По ту сторону - голодная ночь ее душу желала.
Но спокойный в своей одинокой нише силы, что жила в храме,
Неподвижный, ее огненно яркий дух, безмолвный и выпрямившийся,
Горел как пламя факела из окон комнаты
Напротив мрачной груди темноты.
И Женщина первая бросила вызов Пучине,
Дерзая путешествовать через вечную Ночь.
Укрепленная светом, она дала своей ноге погрузиться
В ужасную бесцветную пустоту;
Бессмертный, неиспуганный дух ее встретил
Безжалостной непроницаемой пустыни опасность.
На чернильной почве ночи они шевелились, формируя
Свое мистическое движение по ее человеческой поступи,
Плывущее движение, дрейфующий марш,
Словно фигуры, скользящие под закрытыми веками:
Все, как в грезе, шли, плавно скользя, все дальше.
Каменных ворот тяжелые створки были оставлены сзади;
Словно через проходы отступавшего времени
Нынешнее и прошлое в Безвременье падало;
Арестованное на краю авантюры неясной
Будущее, утопленное в небытие, кончилось.
Среди разрушающихся форм они неясно кружились;
Блекнущие преддверия мрачного мира
Их получили, где они, казалось, двигались, оставаясь
Неподвижными, никуда не продвигаясь, но куда-то при том проходя,
Немая процессия неясной картиной бежала,
Не сознательные форы, по сцене реальной идущие.
Мистерия безграничности ужаса,
Собирающая свою голодную силу огромная, безжалостная пустота
Окружила своими глубинами беззвучными медленно,
И чудовищная, пещеристая, бесформенная глотка
Поглотила ее в свою тенистую душащую массу,
Свирепая духовная агония грезы.
Занавес непроницаемого страха,
Тьма повисла вокруг ее клети чувства,
Как когда деревья превращаются в тенистые пятна
И последний дружеский отблеск гаснет
Вокруг вола, что в лесу связан
Охотниками, скрытыми в ночи наполненной.
Мысль, что в мире старалась, здесь была аннулирована;
Свое усилие жить и знать мысль отвергла,
Убежденная, наконец, что ее никогда не было;
Мысль погибла, вся ее греза действия кончилась:
Этот сгустившийся шифр своим темным был результатом.
В удушающем стрессе этого громадного Ничто
Разум думать не мог, дыхание - дышать, душа -
Помнить или себя чувствовать; она казалась
Пустой бездной стерильной пустоты,
Нулем, не помнящим суммы, им завершаемой,
Отрицанием Создателя радости,
Не спасенной ни широким покоем, ни глубиной мира.
Все, что претендовало здесь быть Правдой и Богом,
Сознающим собою, обнаруживающим Словом,
Созидательной радостью Разума,
Любовью, Знанием, восторгом сердца, здесь опускалось
Необъятным отказом вечного Нет.
Как тает золотая лампа во мраке,
Уносимая вдаль от желания глаз,
Так в тени исчезала Савитри.
Там не было направления, ни пути, ни конца или цели:
Не видя, она среди пучин бесчувственных двигалась
Или ступала через некую великую, черную, неведающую пустошь,
Или кружилась в немом вихре встречных ветров,
Собранных титаническими руками Случайности.
Здесь, в ужасной Обширности, никого с нею не было:
Она не видела больше неясного ужасного бога,
Ее глаза потеряли Сатьявана их светлого.
Но ее дух не слабел, а держал
Более глубоко, чем могут ограниченные чувства,
Что хватают внешнее и находят, чтобы терять,
Свои объекты любви.
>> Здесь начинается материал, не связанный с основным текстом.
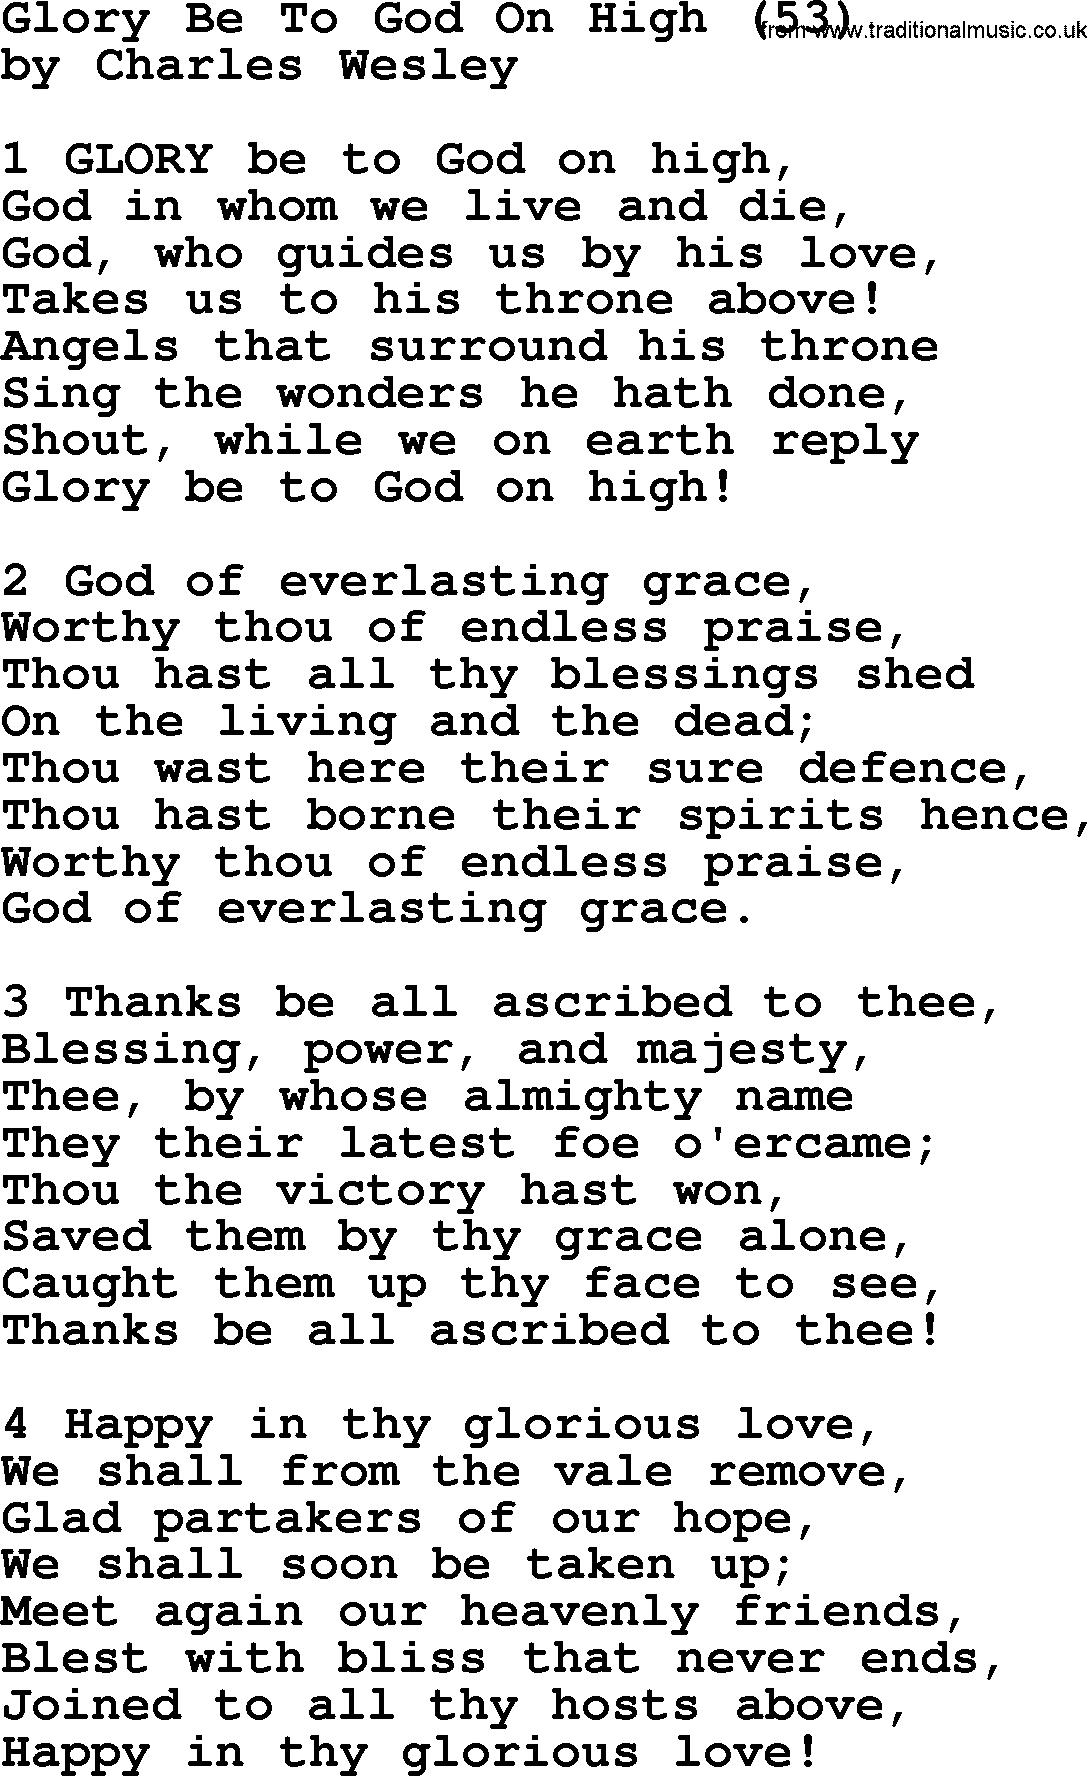 Charles Wesley hymn: Glory Be To God On High (53), lyrics

Так, когда на земле они жили,
Она ощущала его, блуждающего по полям, полям,
Что были сценою в ней, ее существа перспективами,
Раскрывавшими их секреты его поиску и его радости,
Ибо ревнивой сладости в ее сердце,
Какое бы счастливое пространство его возлюбленные ноги
Не предпочли, должно было тотчас ее душою,
Бессловесно его поступь чувствующей, его тело обнято.
Но сейчас молчаливая бездна между ними легла
И она в бездонное одиночество падала,
Даже из самой себя выброшенная, от любви отдаленная.
Долгие часы, что долгими стали с тех пор, как медленное время
Измерялось пульсом боли души,
В нереальной тьме, пустой и унылой,
Она путешествовала, по трупу жизни ступая,
Затерянная в слепоте угасших душ.
В муке пустоты одинокая,
Она жила вопреки смерти, она все еще побеждала;
Тщетно ее могучее существо угнеталось:
Ее тяжелая, долгая монотонность страдания
Медленно от своего мучения себя уставала.
Сперва слабый негаснущий проблеск,
Бледный, но бессмертный, во тьме замерцал,
Словно память вернулась к духам умершим,
Память, что желала жить снова,
Испарившаяся из разума во сне натальном Природы.
Этот проблеск блуждал, как луч луны потерявшийся,
Открывая ночи ее душу страха;
Змеевидная в проблеске тьма разлеглась,
Ее черные капюшоны, как в камнях драгоценных, украшены мистическим жаром;
Ее тусклые, лоснящиеся складки скользили и вились, они отступали,
Словно всякий свет ощущали мучительной болью
И от бледного приближения надежды страдали.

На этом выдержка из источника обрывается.